On the other hand, Scuderi — known to his teammates as Scud — remains one of the sport’s best kept secrets. Other than being an All-Hockey East honorable mention, his statistical claim to fame is that he holds the Boston College record for career games played with 168, going on 169.

“Bobby Allen is a First-Team All-American who has gotten a lot of accolades and is going to have a terrific career with the Boston Bruins,” said BC coach Jerry York. “He’s been a real catalyst for us.

“[But] Rob Scuderi has been a real underappreciated player. He’s just gotten better and better and is playing as well as any defenseman I’ve coached. He’s very, very strong on his feet and makes good plays.

“He’ll be a good addition to Pittsburgh’s lineup next year. He’s an NHL-caliber player.”

Allen shares the view that Scuderi is a far better player than his short list of press clippings would indicate.

“He’s the most underrated player — or one of the most — in the country,” says Allen. “He’s played like an all-star the entire season but it seems that he doesn’t get credit for it because he plays such a simple game. I wish people would realize the value he adds to our team.

“Every game in and game out, he’s always there. He’s a tremendous leader on our team.”

Scuderi arrived on the BC campus with little fanfare compared to Mike Mottau the year before him and Allen in his own class.

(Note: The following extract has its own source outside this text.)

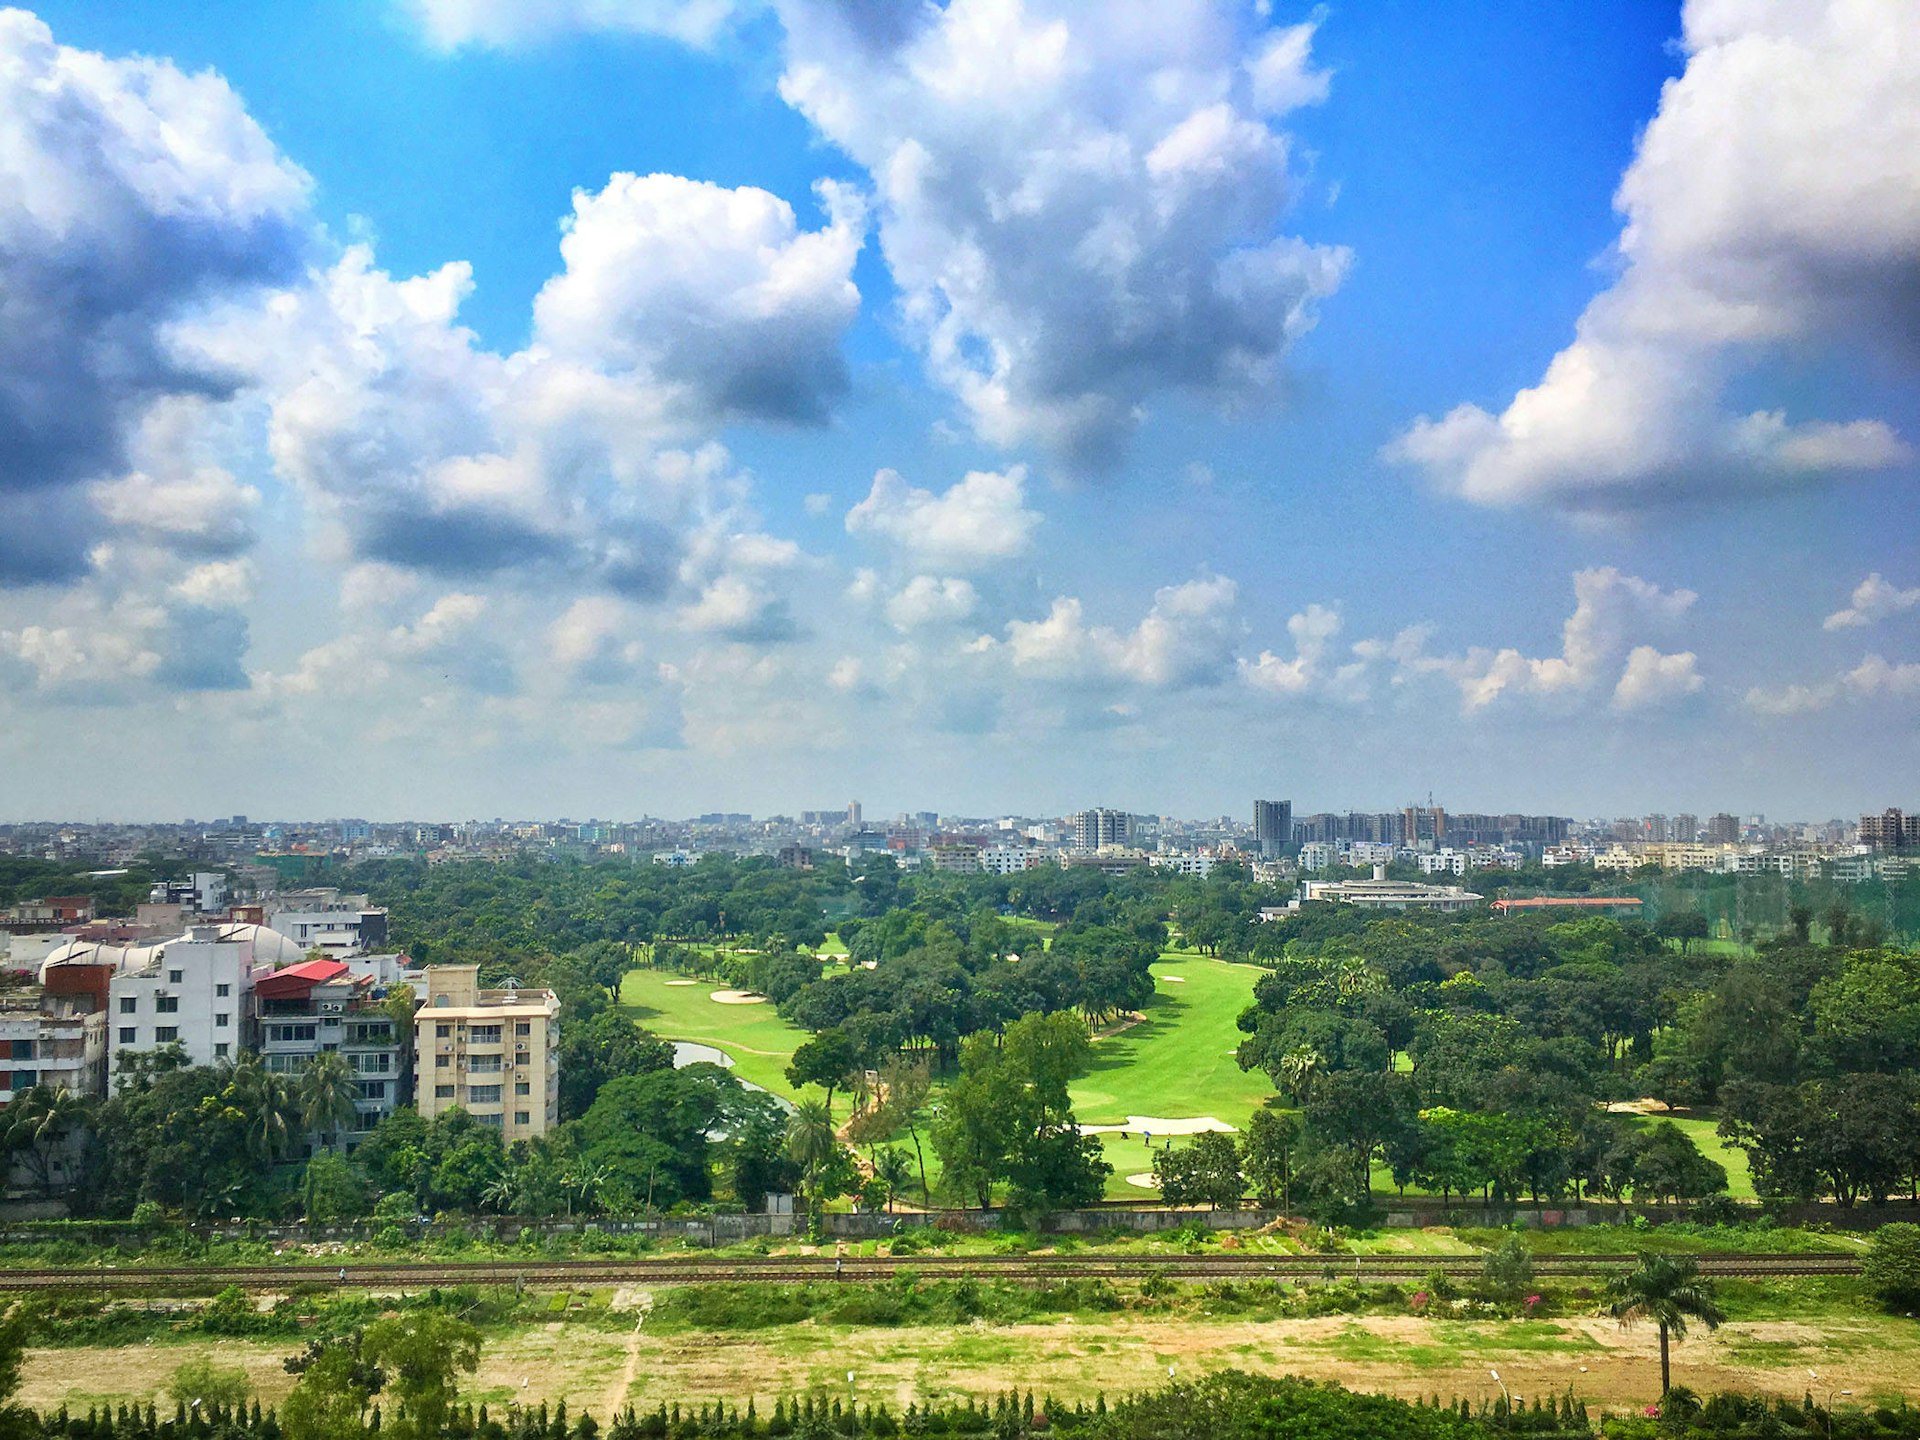 Clouds blow over Dhaka's urban greenery

Quietly, though, he has emerged as a defenseman of significant stature.

“I came in without too many expectations, but they gave me a chance to play and I hope to have made the best of it,” he said. “Maybe this year I’ve added a little more offense and improved in some areas. No one plays a perfect game, so there are always some things to work on and that’s what I’m trying to do.”

As for his own impressive, although largely unheralded, game on this evening, Scuderi passed the praise back to his teammates, putting it right on their tape just as he did with the puck to Kobasew in the second period.

“I just happened to get the breaks tonight,” he said. “Chuck is great at getting open. He usually lets you know when he’s open, too. I’m pretty sure that everyone in the building heard his stick bang. I fed the puck to him and he did what he does best, and that’s bury the puck.”

Scuderi is happy just to do his job, help BC win and let others get noticed. Recognition is no big deal.

“It would be different if the top guys who did get recognized were a bunch of prima donnas, but they are just such great team guys that there’s nothing to be jealous of,” he said. “Gionta and Allen and all the people that get a lot of recognition are just such great team guys that it’s tough to be mad at anybody. We have a great team chemistry and no one falls into the trap of being a prima donna.”

Least of all Scuderi, the quietest star behind the headlines, who now cares only about a win for Boston College on Saturday.